There are limitations to the use of yeast for pharmacological studies primarily related to the relative resistance of yeast cells to antitumor drugs. While physical agents such as UV or ionizing radiation have been useful for defining the DNA damage response in S. pombe and S. cerevisiae, some DNA-damaging drugs may not affect yeast cells because of the presence of the cell wall or the expression of specific drug transporters (Kolaczkowski and Goffeau, 1997). In other cases, the intrinsic sensitivity of the drug target may be different. Nonetheless, we have provided evidence that S. pombe is a suitable model for studying cellular response to platinum compounds (Perego et al., 1998). Methods have been developed to overcome the problem of penetration including the use of yeast permeability mutants defective in cell wall integrity, as already documented for S. cerevisiae (Nitiss and Wang, 1988). Several studies provide evidence that both S. cerevisiae and S. pombe can be successfully used to study the mechanism of action of topoisomerase-targeted drugs and to identify potential inhibitors of different enzymes or isoenzymes (Eng et al., 1988; Nitiss et al., 1996; Keller et al., 1997; Hammonds et al., 1998; Reid et al., 1998; Van Hille et al., 1999). Genetic manipulations of these systems have also been exploited for investigation of specific aspects of cellular response to alkylating agents or bleomycin (Moore et al., 2000).

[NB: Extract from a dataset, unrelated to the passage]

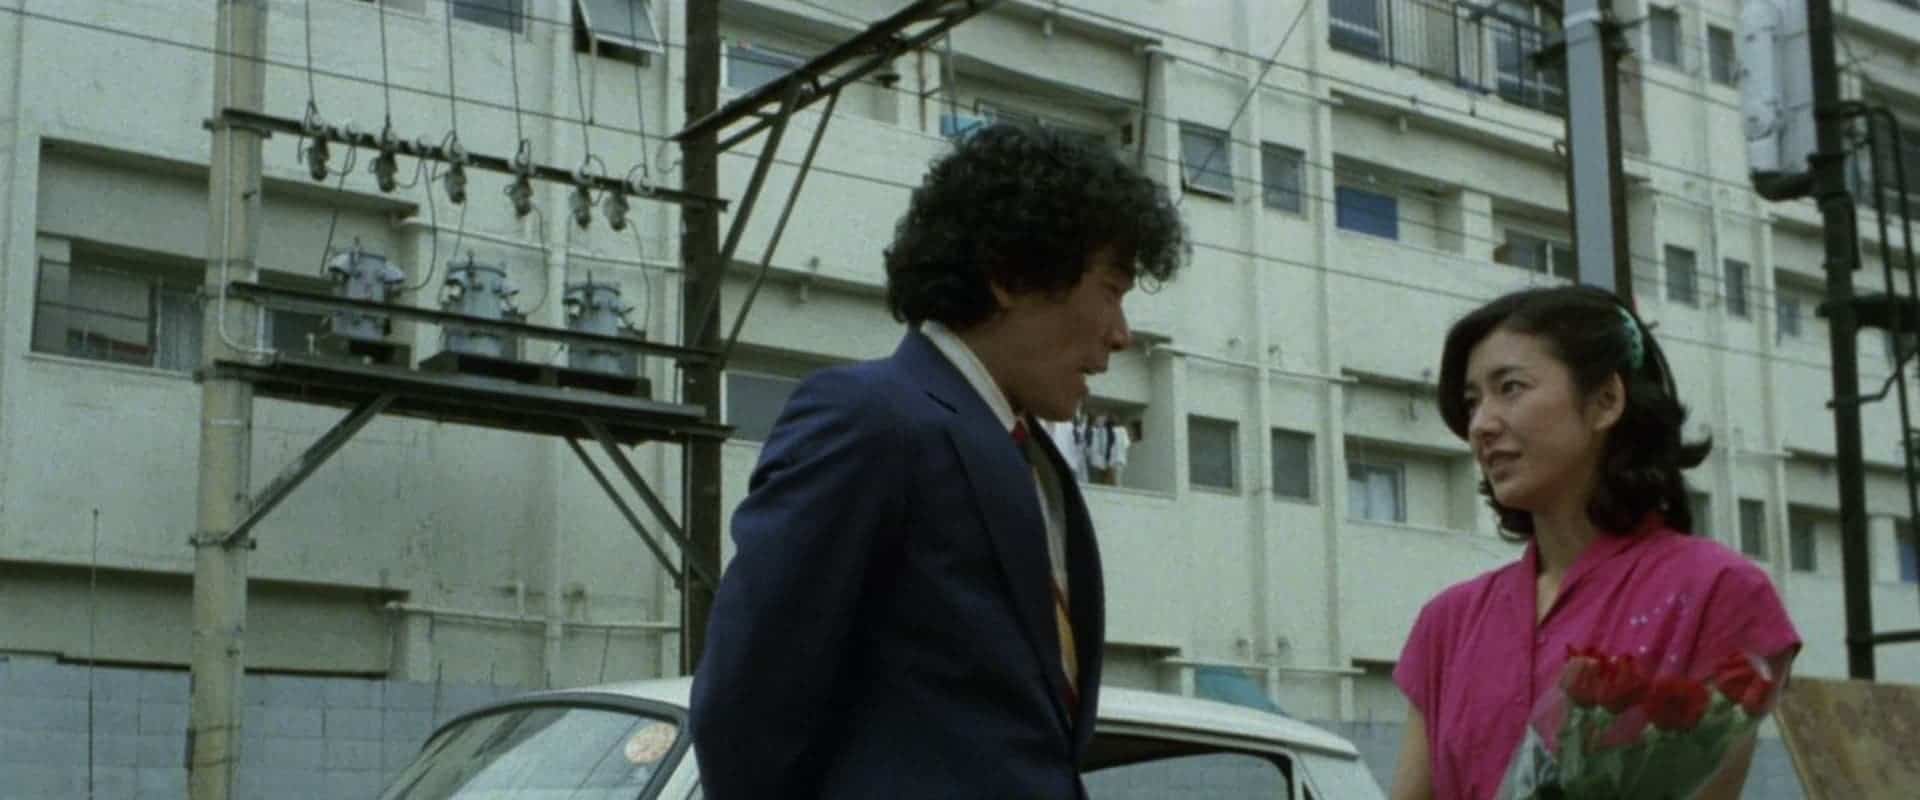 Antagonist Fashion - Style Representation of Yakuza in Films
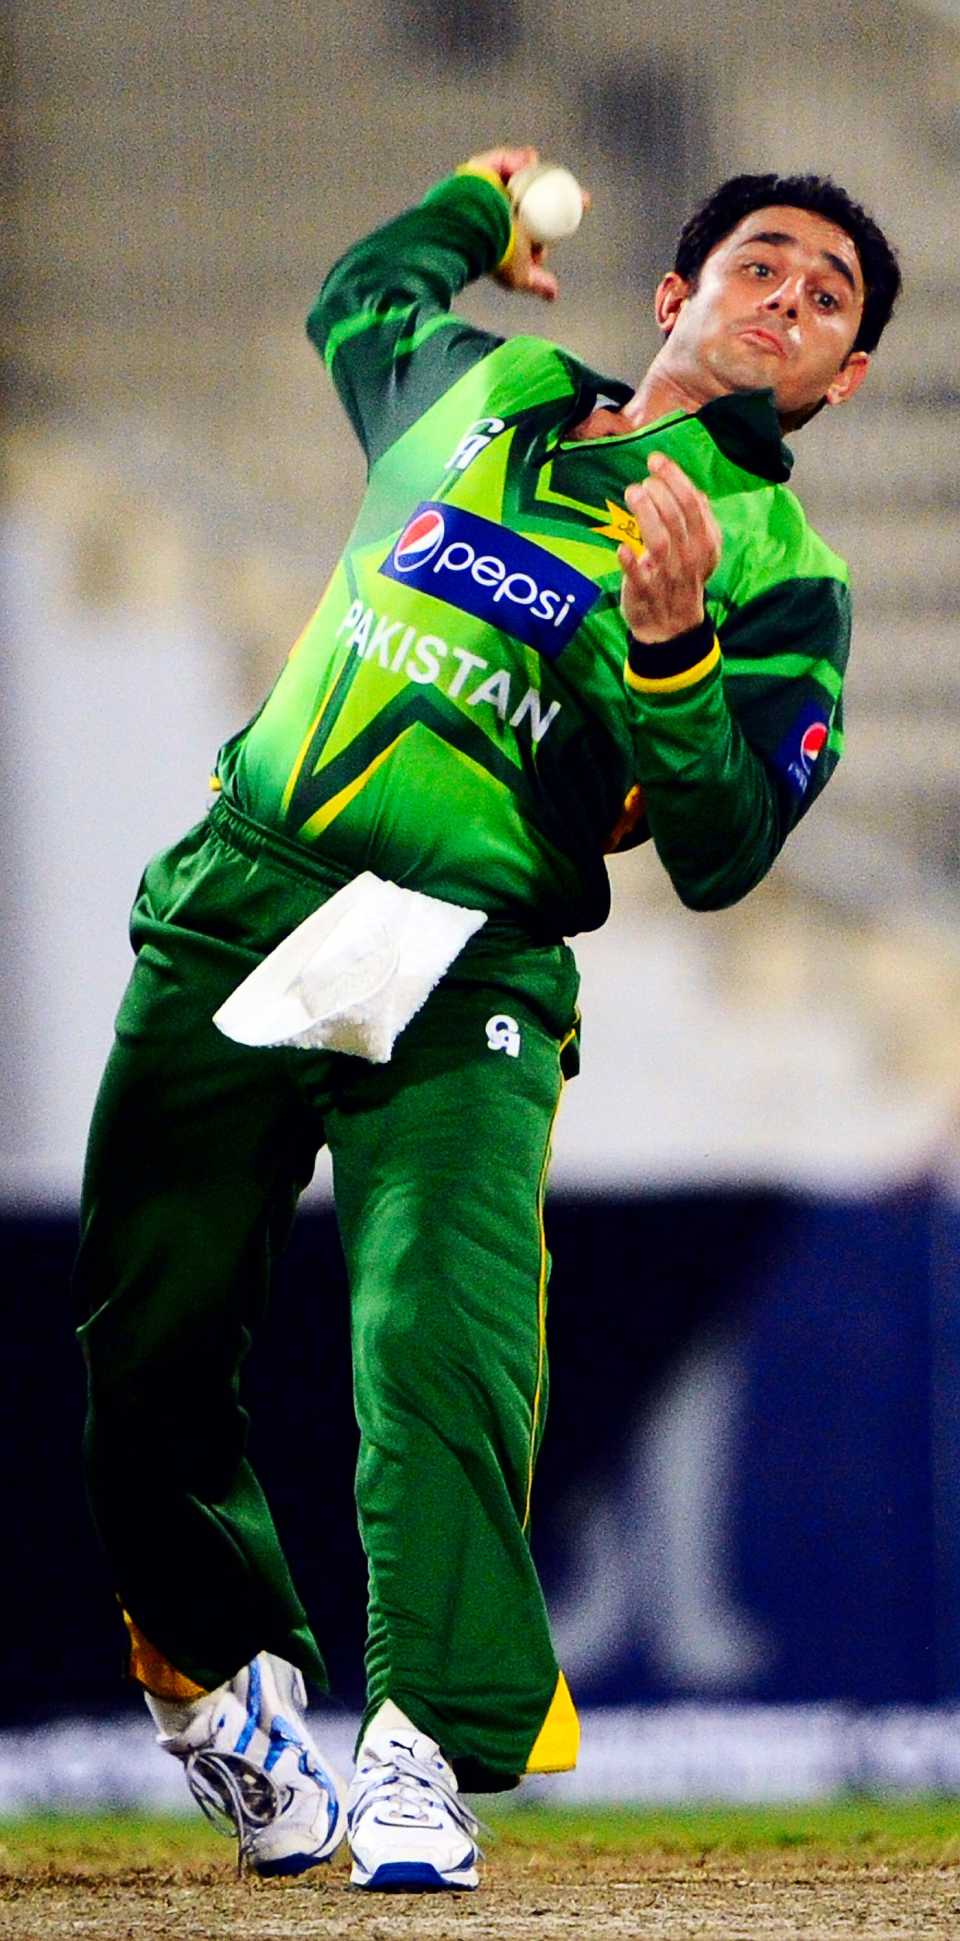 Saeed Ajmal bowls, Pakistan v Australia, 3rd ODI, Sharjah, September 3, 2012

Among eukaryotic model organisms, yeast cells are easily approachable by genetic and/or biochemical means and their utility in molecular pharmacology of antitumor agents may be quite broad. In addition to the use of rad mutants resulting from deletion/inactivation of a specific gene function, yeast cells expressing additional genes (e.g., putative drug targets) could be generated, thus allowing several applications including definition of relevant biomolecular interactions and development of target-oriented bioassay systems (Munder and Hinnen, 1999). In addition, genomic approaches for identification of gene products as specific drug targets can be designed in diploid yeast cells in which the dosage of a single gene has been lowered (haploinsufficient phenotype; Giaever et al., 1999). The availability of the entire yeast genome sequence coupled with advanced array technology should allow the development of transcription profiles that monitor cellular responses to specific drugs. This technology could lead to the identification of functional gene products that are potential drug targets or of novel pathways that could be exploited to improve the efficacy of known agents.